The main goal of this study is to characterize respiratory patterns that derive from PB and nPB patients, in order to identify different patterns and subsequently predict the condition of CHF patients. Both patient groups exhibit various degrees of periodicity depending on their condition, whereas healthy subjects have no pronounced periodicity. This observation is reflected by the parameter P which decreases proportionally to the periodicity of the pattern. Due to their lack of modulation peak the healthy subjects show the smallest values for this parameter, providing promising results for discrimination, i.e., CHF vs. healthy 85.5%, and nPB vs. healthy 85.2%, despite the fact that nPB patients and healthy subjects present apparently similar respiratory patterns. The power of the right DB provided the best results when classifying PB and nPB breathing patterns into CHF patients. The ROC curves validate the results obtained when identifying different respiratory patterns.

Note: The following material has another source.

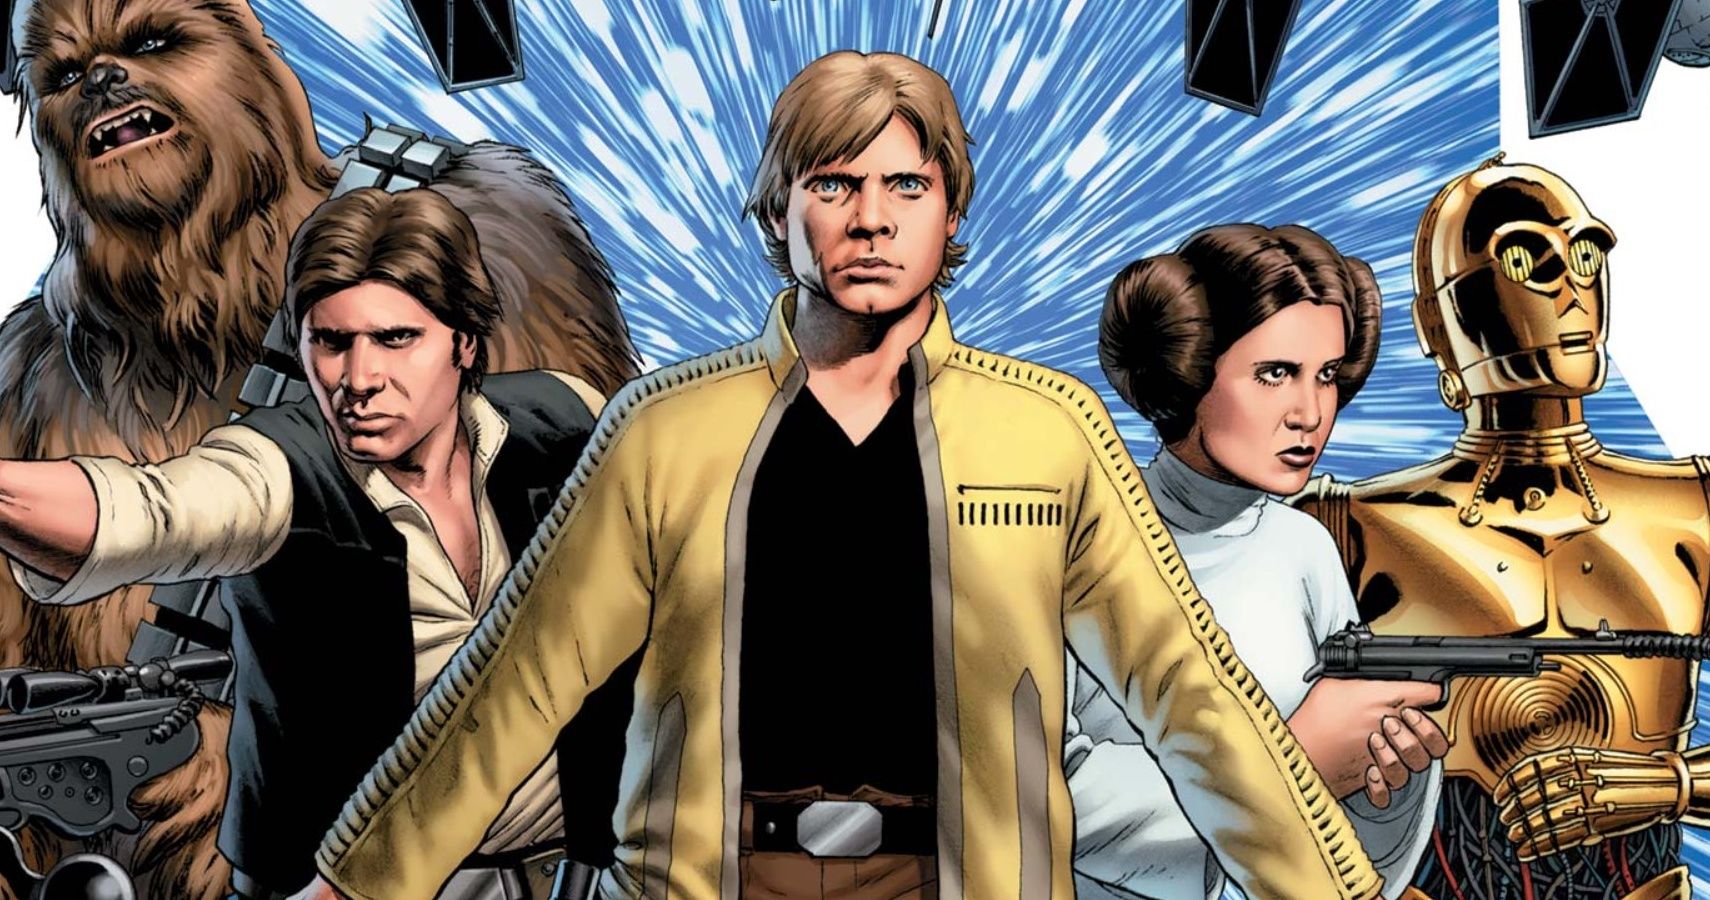 Luke Skywalker fights in Star Wars Marvel comics

The small size of the dataset is a limitation of this study, and therefore the significance of the results, though promising, needs to be further established on a larger set. As a consequence of the small size, it was decided to only investigate the performance of single-parameter linear classification.

The extracted parameters characterize the respiratory pattern of these patients, and suggest that PB patterns are related to the patients’ condition. However, more research is needed to study the relevance of the information provided by these periodic respiratory patterns with respect to what can be extracted using the traditional clinical indices.

Conclusions

In this study, the respiratory flow envelope signal analysis is proposed for the characterization of respiratory flow signal patterns. Some spectral parameters are used to identify different respiratory patterns and classify CHF patients with different conditions and healthy subjects. Power-related parameters provide the best discrimination results between different respiratory patterns. Of the most discriminating parameters, the power of the modulation peak provided an accuracy of 85.5 and 85.2% classifying CHF patients vs. healthy subjects, and nPB patients vs. healthy subjects, and the power of the right DB showed an 84.6% of well-classified patients in an internal CHF patient classification between PB and nPB patterns. These results suggest that the method can be a useful tool to characterize different respiratory patterns in CHF patients and healthy subjects.